Several hundred NOCs are currently installed at individual wellheads on low-GOR wells. A majority of the wells have wellhead pressures greater than the bubble point pressure of the crude oil. Because no entrained gas is present in the liquid stream, a test separator is unnecessary.
SYSTEM BENEFITS
The Coriolis-based NOCs are cost effective, especially in high water-cut applications. Field experience shows the units are rugged, reliable, and accurate when properly installed and operated.
The NOC system continues to evolve with improvements in implementation procedures and techniques to enhance operation and expand application opportunities.
Increasing numbers of Coriolis-based NOCs are used simultaneously to measure crude and water production from individual wells or leases. In this NOC system, the Coriolis force flowmeter (CFF) serves as both water-cut analyzer and flowmeter.
Compared to other conventional measurement systems, this technology offers the following advantages:
- Measures full-range water cut
- Reduces repair frequency and test cycle time. This lessens operating and maintenance costs
- Lowers overall capital costs.
Since introduction in 1988, more than 1,200 Coriolis-based NOCs have been installed for commercial operation worldwide. About 700 NOCs are in tandem with test separators. The remaining NOCs are at the wellhead and monitor well production on a real time, continuous basis.
The Coriolis-based NOC system feasibility has been demonstrated and described elsewhere.1 The inherent simplicity of NOC systems, however, has in some instances led to overlooking fundamental principles required for successful applications.
APPLICATIONS
Measurement of crude oil produced from individual wells or leases is important, often essential in oil field operations. Accurate and timely information ensures prompt operating decisions, equitable royalty distribution to interest owners, and efficient reservoir management. But measurement accuracy is often in doubt.
Problems may stem from several possible shortcomings of conventional well testing systems, such as inefficient separation, poor sampling, rangeability of flowmeters, failure to maintain instrument calibration, and lack of appropriate measurement technology.
Conventional oil and water flow measurement from a producing well or a group of wells involves a two-phase or three-phase separator to remove produced gas. Free water and the emulsion flow rates are measured with respective flowmeters.

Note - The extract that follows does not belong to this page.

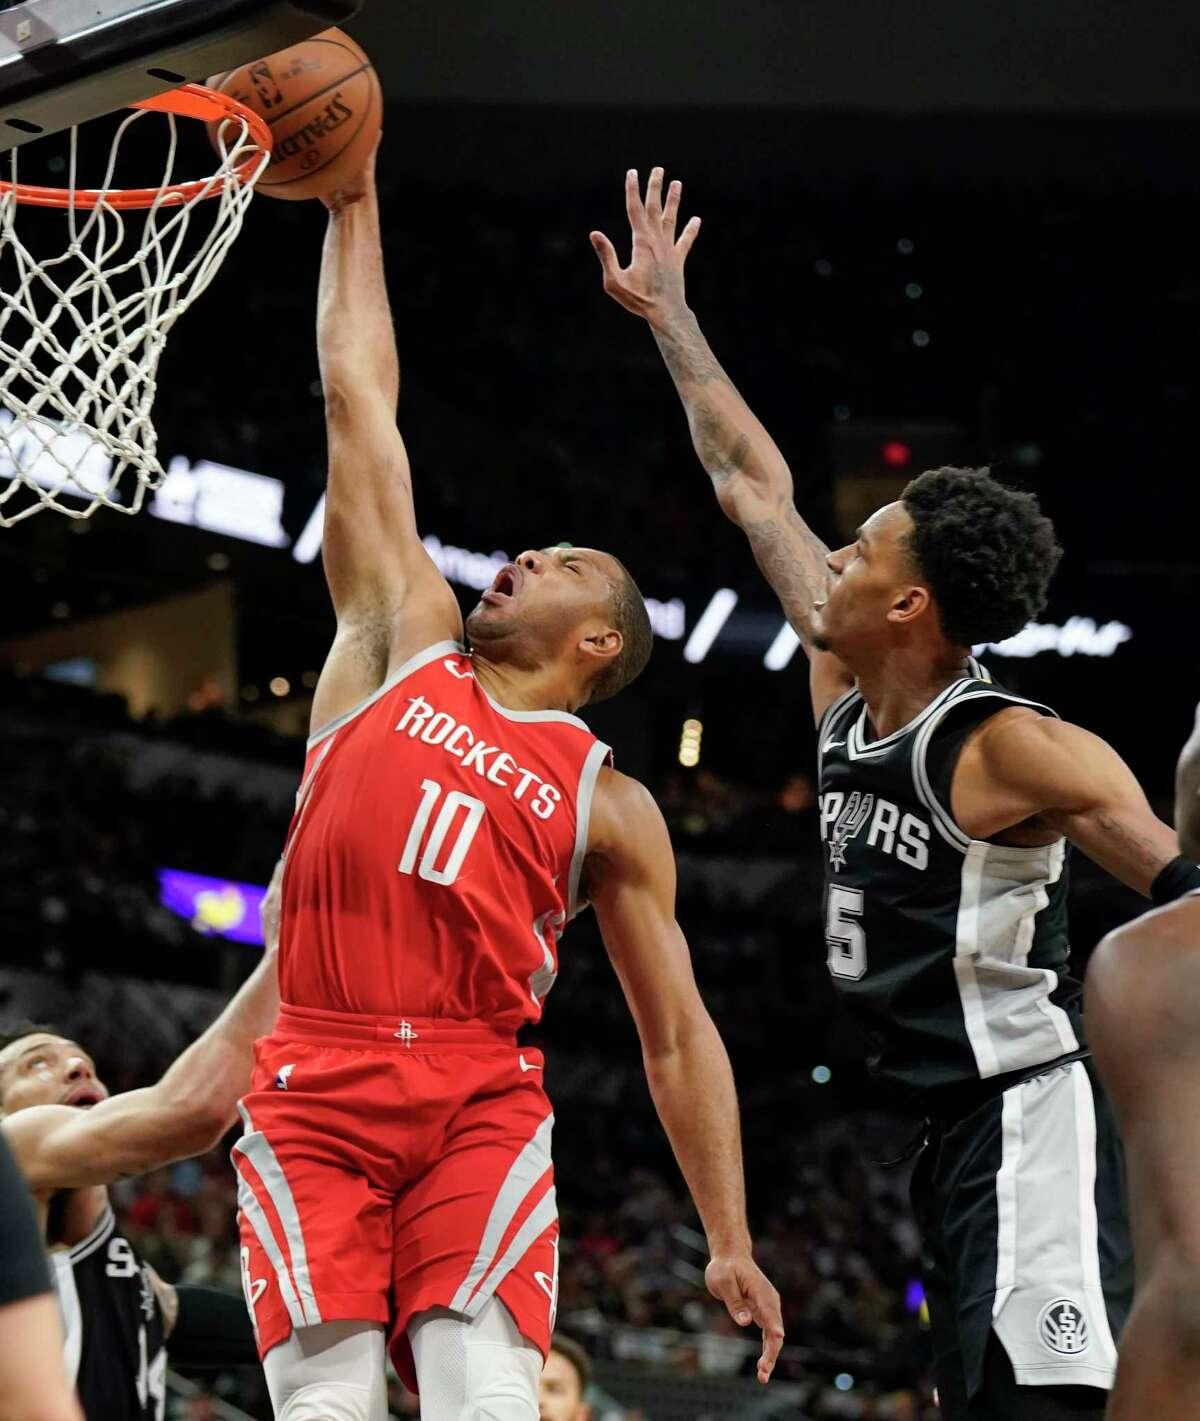 Houston Rockets' Eric Gordon (10) shoots against San Antonio Spurs' Dejounte Murray during the first half of an NBA basketball game, Sunday, April 1, 2018, in San Antonio. (AP Photo/Darren Abate)

Emulsion stream water cut is determined by an on-line sampler, a grab sample from the emulsion flow line, or an on-line capacitance-type water cut analyzer. Combined signals from the flowmeters and water cut analyzer then determine oil and water production.
One major measurement error is attributed to water cut determination, especially when water cut is relatively high. High water cut can occur in the following situations:
- Maturing reservoir
- Small test separator for high production wells
- Two-phase separator
- Tight emulsion that prevents separation of free water.
On-line and grab samples may not represent total flow because crude and water usually are not uniformly distributed in the pipe, and water cut will generally fluctuate with time. Consequently, systems that rely on sampling techniques for water cut determination can suffer significant measurement errors.
Analyzers based on capacitance measurement principles are reasonably accurate only when water cut is relatively low and the oil/water emulsion is oil-continuous (i.e., water droplets in oil-continuous phase). Because these analyzers depend on dielectric properties of the emulsion, erroneous measurements occur at high water cuts when the emulsion becomes water continuous (i.e., oil droplets in the water-continuous phase).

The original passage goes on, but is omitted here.